In SAS Institute, Inc. v. ComplementSoft, LLC, Nos. 2015-1346 & 2015-1347 (Fed. Cir. June 10, 2016), the Federal Circuit found error in a final written decision rendered by the Patent Trial and Appeal Board. The Board adopted a new construction for a term it had construed differently in its institution decision. The Court stated that the Administrative Procedure Act (APA) prevents the Board from "chang[ing] theories in midstream without giving [the parties] reasonable notice of the change and the opportunity to present argument under the new theory."

The Federal Circuit affirmed the Board's decision for terms that had not been previously construed, but vacated and remanded the aspects of the Board's decision relying on the new claim construction "so that the parties may address [the] new construction that the Board adopted in its final written decision after interpreting the claim differently before." Judge Stoll wrote, "[i]t is difficult to imagine either party anticipating that already-interpreted terms were actually moving targets, and it is thus unreasonable to expect that they would have briefed or argued, in the alternative, hypothetical constructions not asserted by their opponent."
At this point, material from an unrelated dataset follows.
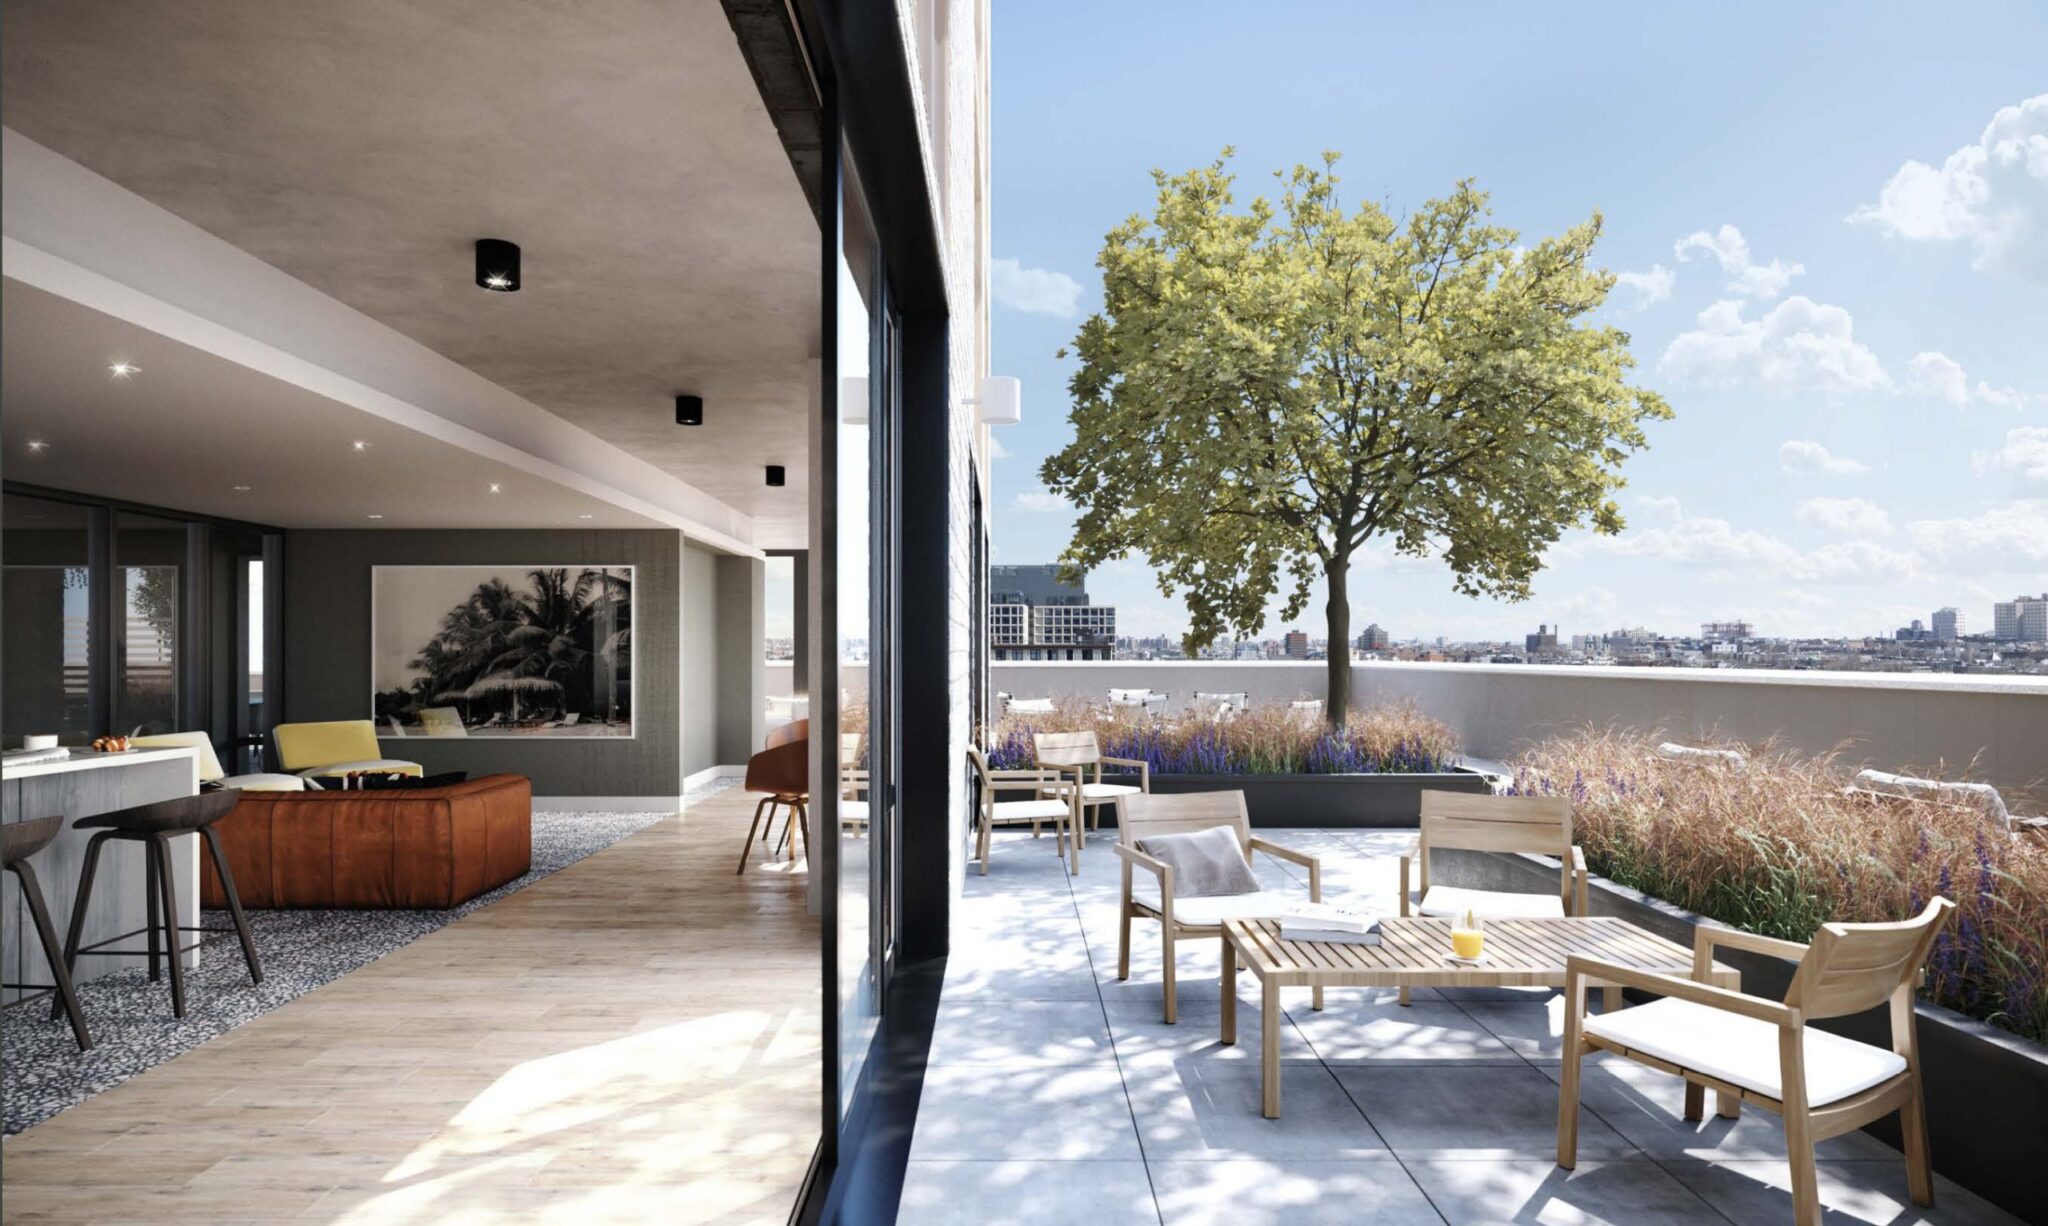 Vast indoor/outdoor terrace with seating at Plank Road in Prospect Heights

SAS additionally argued that the Board's final written decision should have addressed the patentability of all claims challenged in its petition, even those the Board did not institute. But the panel followed its recent holding in Synopsys, Inc. v. Mentor Graphics Corp., 814 F.3d 1309 (Fed. Cir. 2016), which rejected "SAS's argument that the Board must address all claims challenged in an IPR petition in its final written decision." Judge Newman echoed her Synopsys dissent, arguing that the Board's failure to address non-instituted claims in the final written decision undermines the goals of the AIA because "[f]inal determination of the validity of a challenged patent is not achieved when the PTO selects, at its sole and unreviewable choice, which claims it will review and which it will not touch."